> EXERCISE BRIEF: For the data that follows, return each line unchanged and drop the pictures.

> DATA EXCERPT:
****************
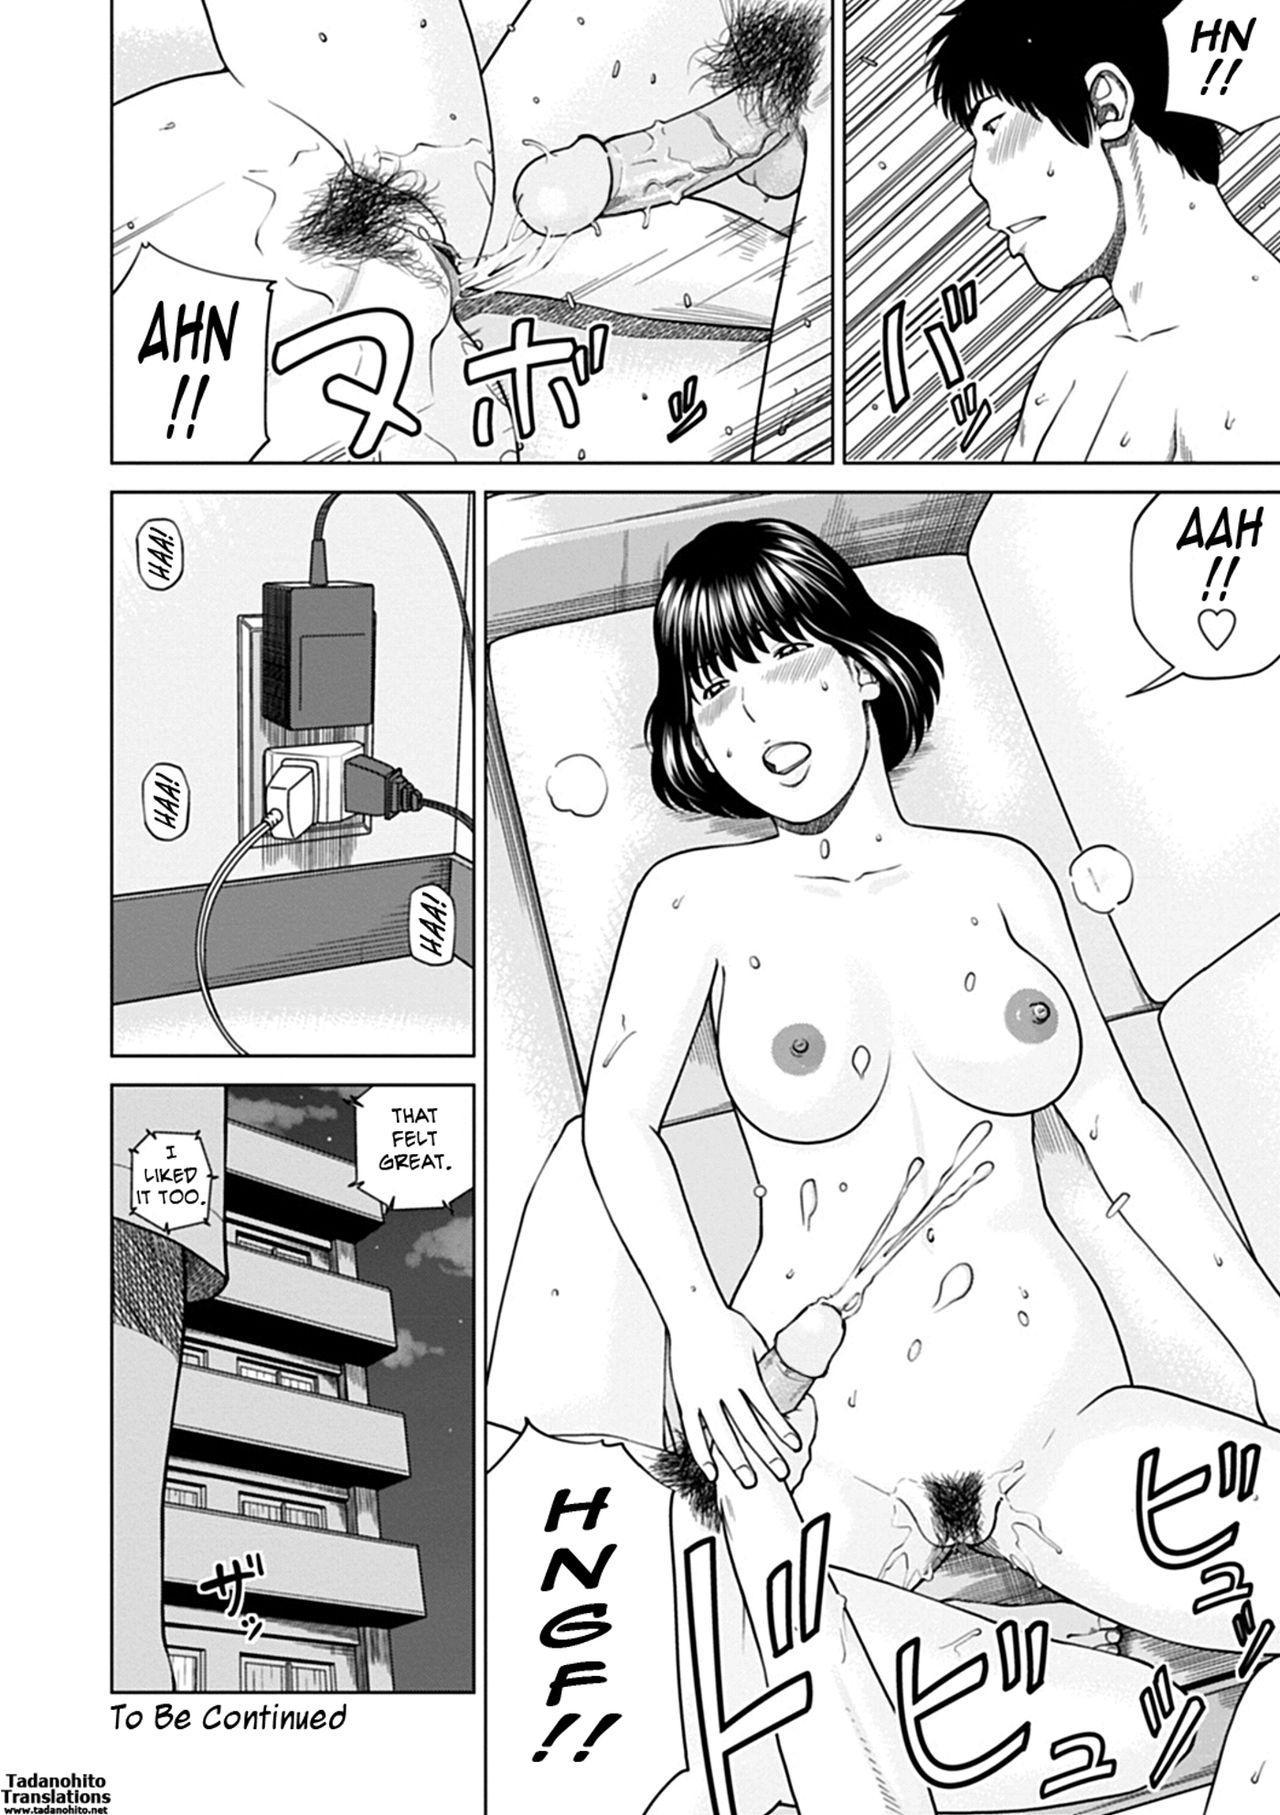 [Kuroki Hidehiko] 36-sai Injuku Sakarizuma | 36-Year-Old Randy Mature Wife [English] {Tadanohito} [Digital] [Uncensored] 134
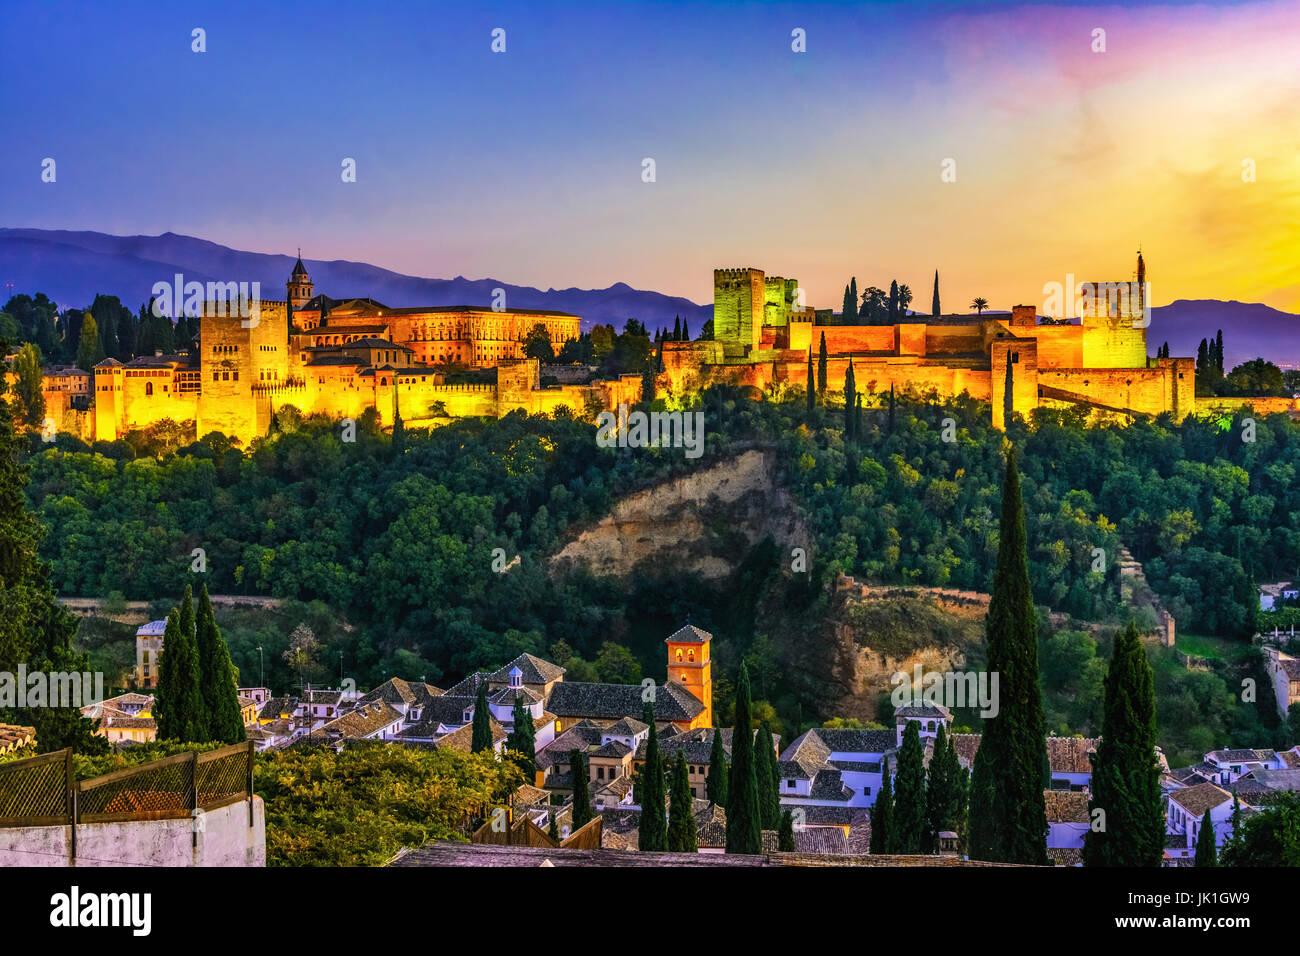 Alhambra, Granada, España Imagen De Stock
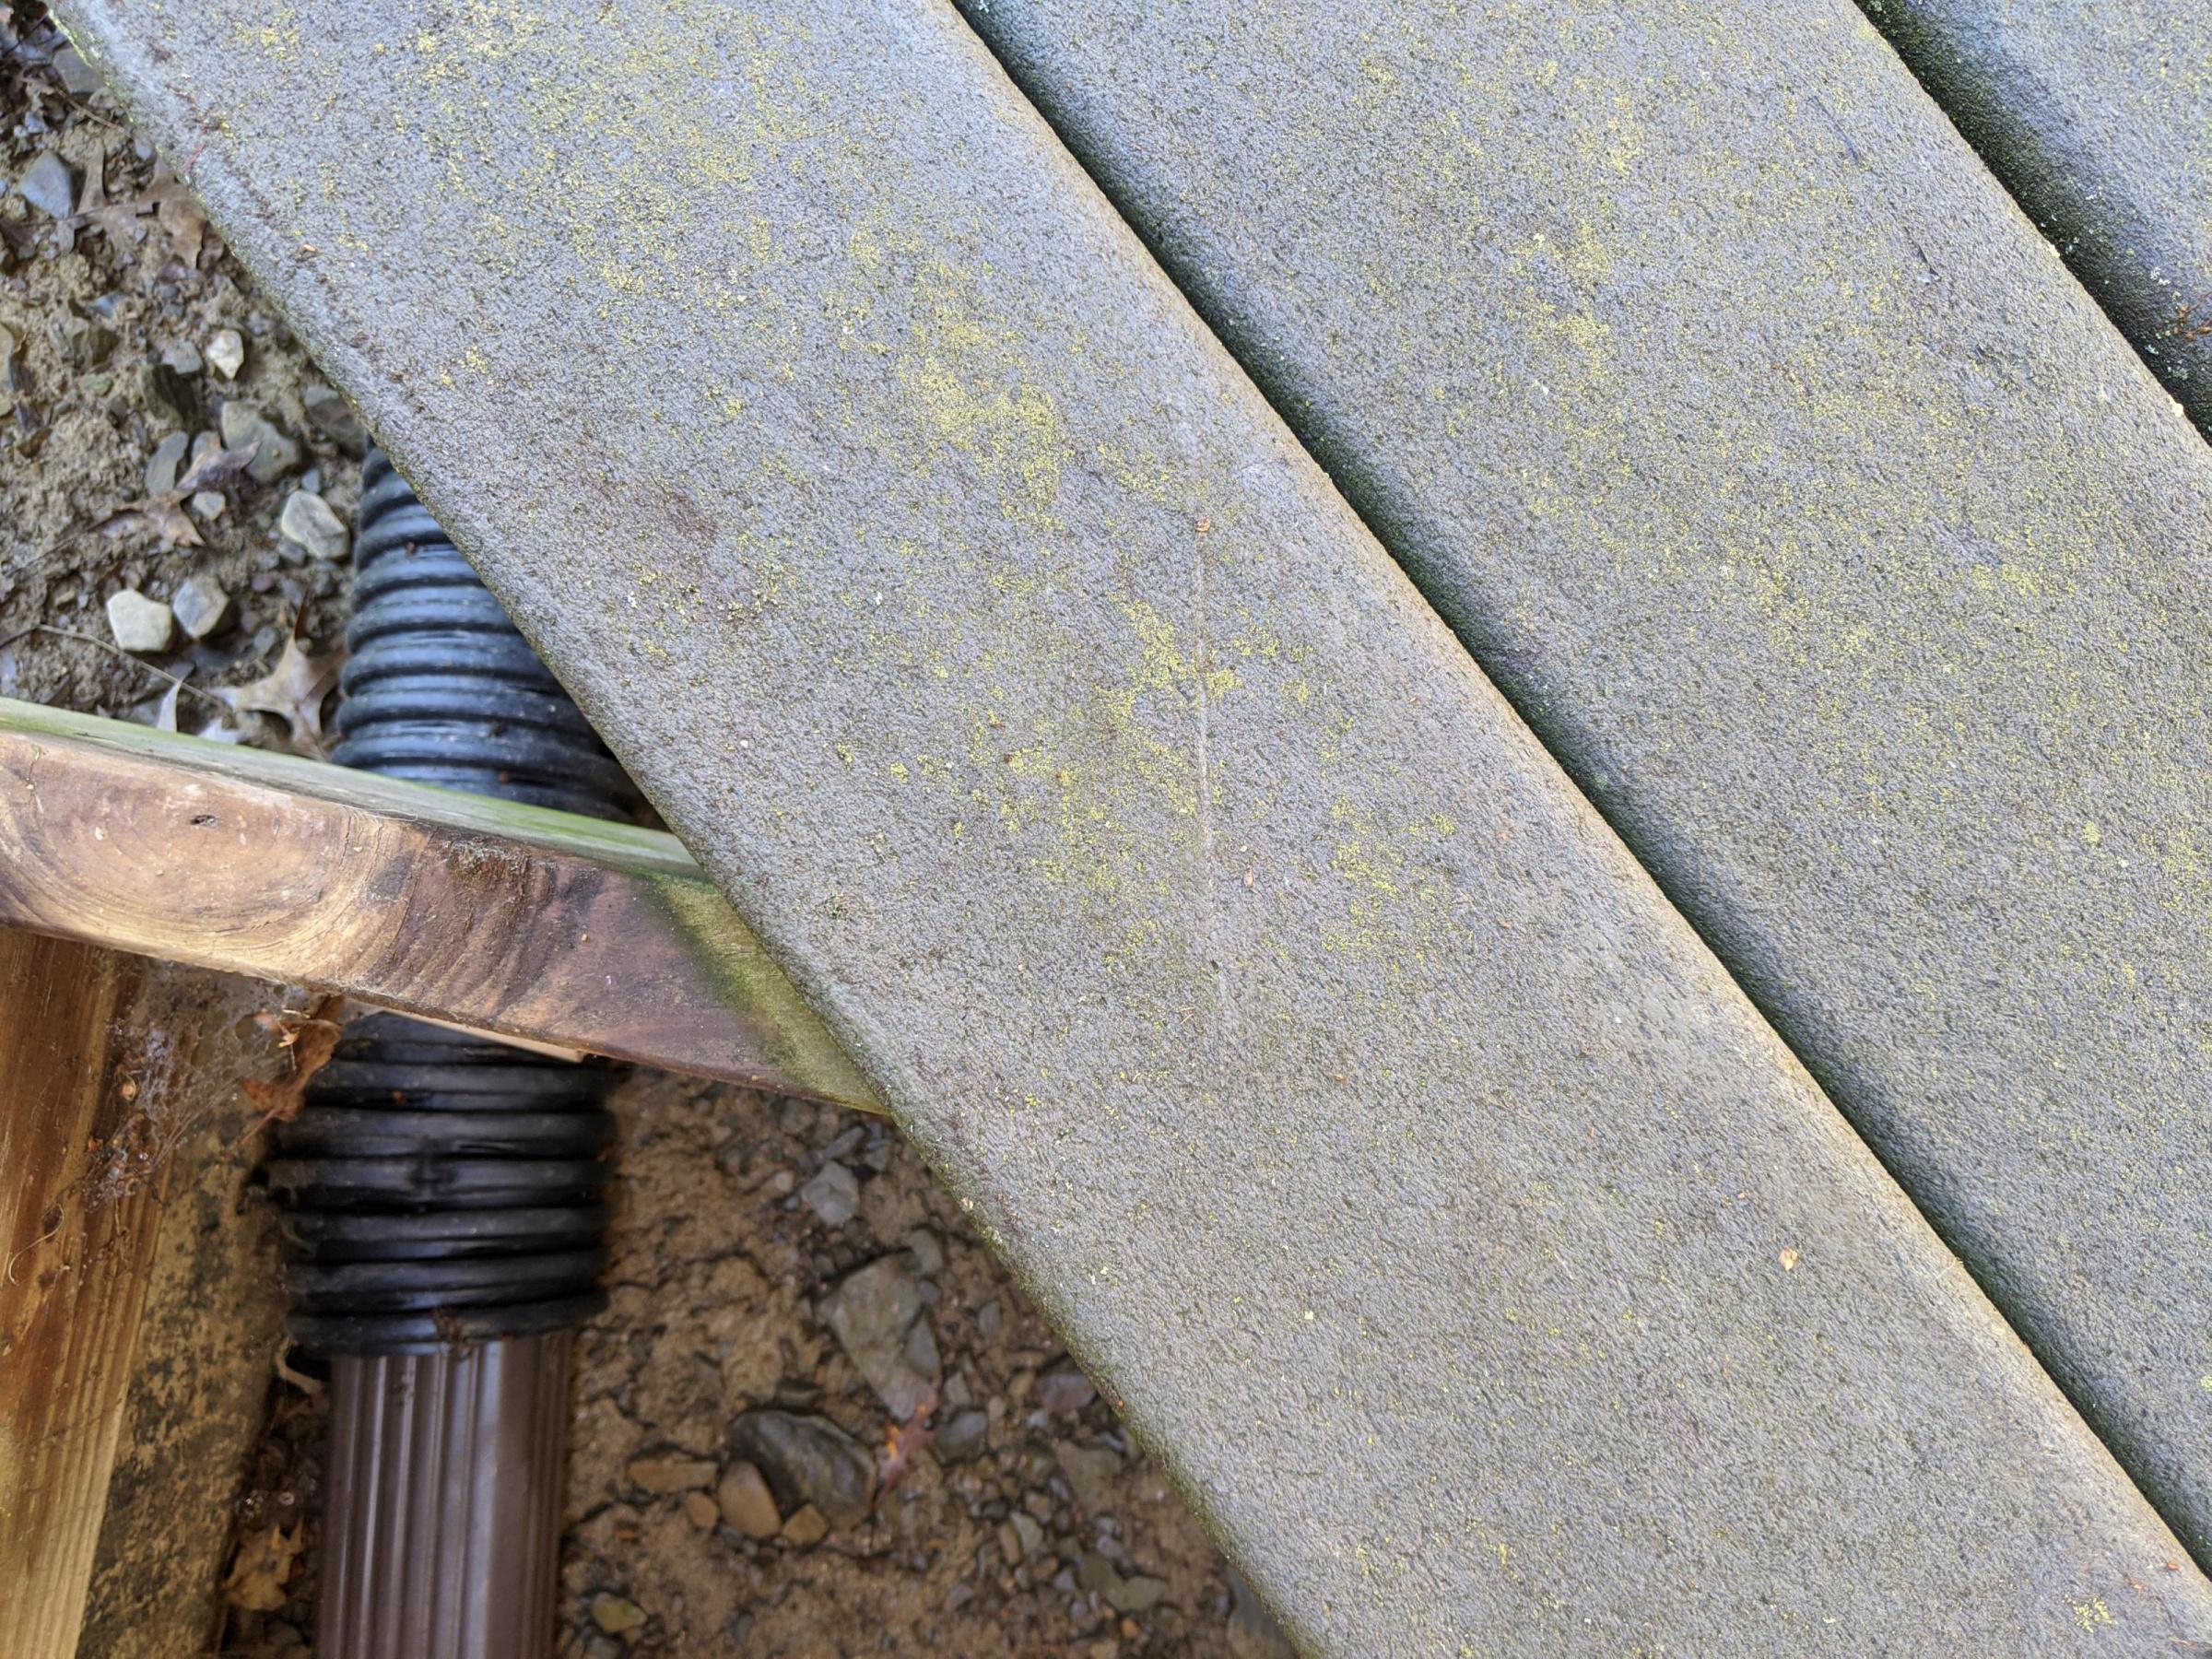 Front porch rebuild-img_20200702_101318_1593699302285.jpg
****************
> EXPECTED ANSWER:
 [Kuroki Hidehiko] 36-sai Injuku Sakarizuma | 36-Year-Old Randy Mature Wife [English] {Tadanohito} [Digital] [Uncensored] 134
 Alhambra, Granada, España Imagen De Stock
 Front porch rebuild-img_20200702_101318_1593699302285.jpg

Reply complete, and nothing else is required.